2.Получить серию растений-регенерантов овощного стахиса из узловых сегментов стебля и столонов путем адвентивного побегообразования на средах с низким и высоким содержанием цитокининов и после цикла последовательных регенераций;
З.Изучить возможность индукции каллуса и адвентивного побегообразования из каллуса S.sieboldii у эксплантатов различного происхождения;
4.Разработать условия мутагенеза S.sieboldii in vitro, получить серию мутагенизированных растений-регенерантов;
5.0пределить наличие (или отсутствие) изменений у полученных растений по морфологическим и биохимическим признакам, а также на молекулярном уровне с помощью RAPD метода.

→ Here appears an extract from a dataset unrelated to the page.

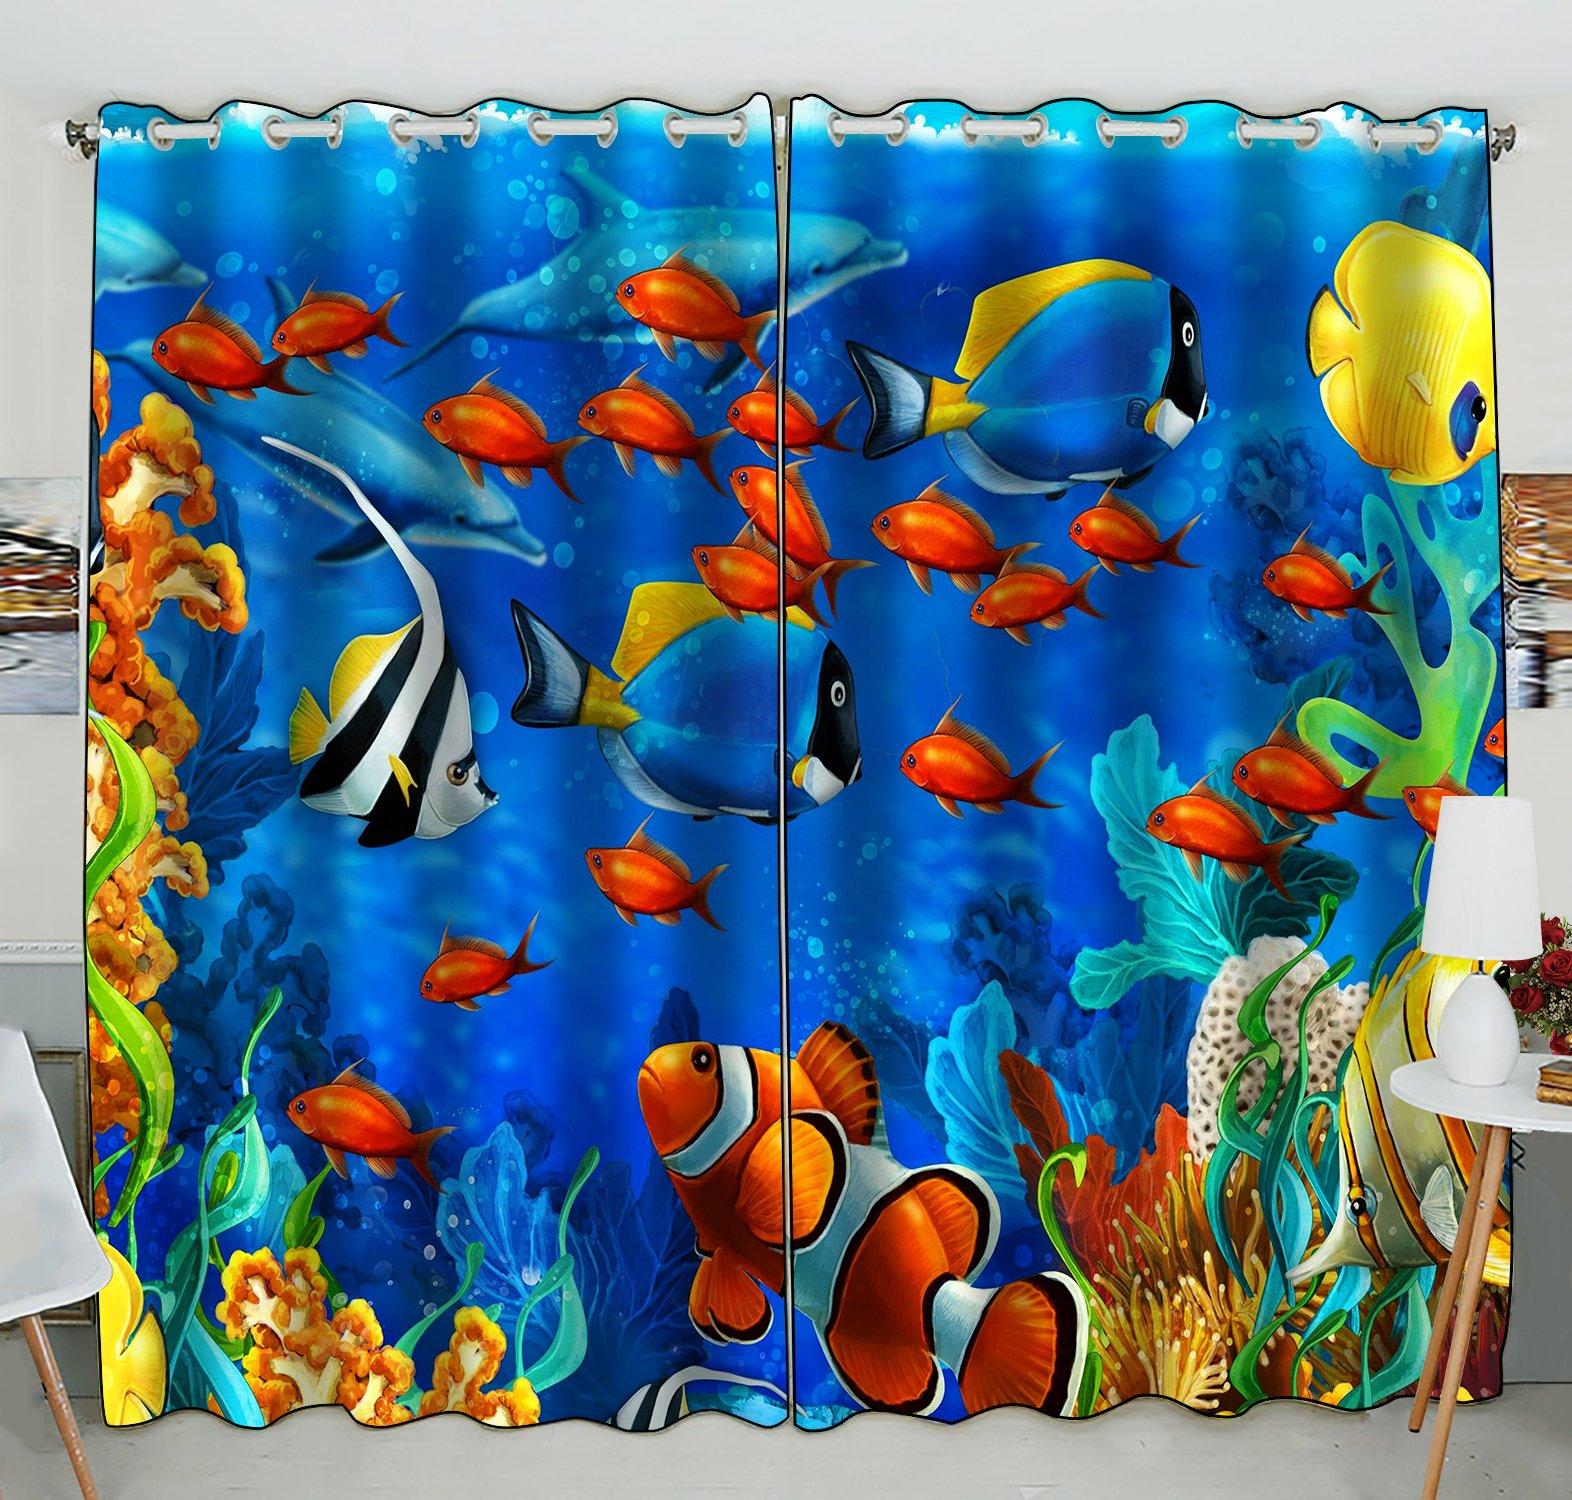 Custom Sea World Window Curtain,Underwater World Ocean Animals Fish Coral Grommet Blackout Curtain Room Darkening Curtains Bedroom Kitchen Size 52(W) x 84(H) inches (Two Piece)

Научная новизна работы. Впервые проведено комплексное изучение влияния разных условий микроразмножения и компонентов питательной среды на качество получаемых растений-регенерантов стахиса Зибольда. Установлена целесообразность применения белковых .маркеров для выявления сомаклональных изменений у регенерантов стахиса. Впервые показана возможность применения RAPD метода для анализа полиморфизма ДНК у регенерантов стахиса. Выявлены различия на уровне нуклеотидных последовательностей как между самими растениями-регенерантами, так и между регенерантами и контрольными растениями. Установлено, что размножение растений при низких концентрациях цитокининов обеспечивает получение мономорфного по всем показателям потомства. Была показана зависимость количества изменений от использованных концентраций
цитокининов. Так, увеличение концентрации цитокинина от I - 2 до 10 мг/л вызывало возникновение меньшего числа изменений в пероксидазных и RAPD спектрах, чем повышение его содержания с 10 до 20 мг/л или многоступенчатая регенерация: в последних случаях изменения наблюдались у всех исследованных регенерантов и они были сравнимы с изменениями у регенерантов, полученных после мутагенеза. Разработана принципиально новая методика индукции микроклубней у черенков стахиса in vitro.
Практическая значимость. Разработана лабораторная методика микроразмножения овощного стахиса с помощью микроклубней, индуцированных in vitro у черенков асептических растений в течение всего года. Это позволяет преодолеть явление сезонности размножения, свойственное размножению стахиса методом микрочеренкования, и избежать периода адаптации к внешней среде. Впервые были оптимизированы методики выделения ДНК и проведения RAPD анализа для S sieboldii. Путем изоферментного и RAPD анализа установлено появление вариаций среди растений-регенерантов, полученных на средах с повышенным содержанием цитокиинов и при увеличении циклов регенерации, что полезно учитывать в работах по клеточной инженерии растений при выборе метода размножения..
Структура и объем диссертации. Диссертационная работа состоит из введения, обзора литературы и трех глав экспериментальной части, включающих главу материалов и методов исследования, две главы собственных исследований, заключение, выводы и список литературы. Работа изложена на 142 страницах машинописного текста, включая 6 таблиц и 28 рисунков. Список использованной литературы включает 177 источников.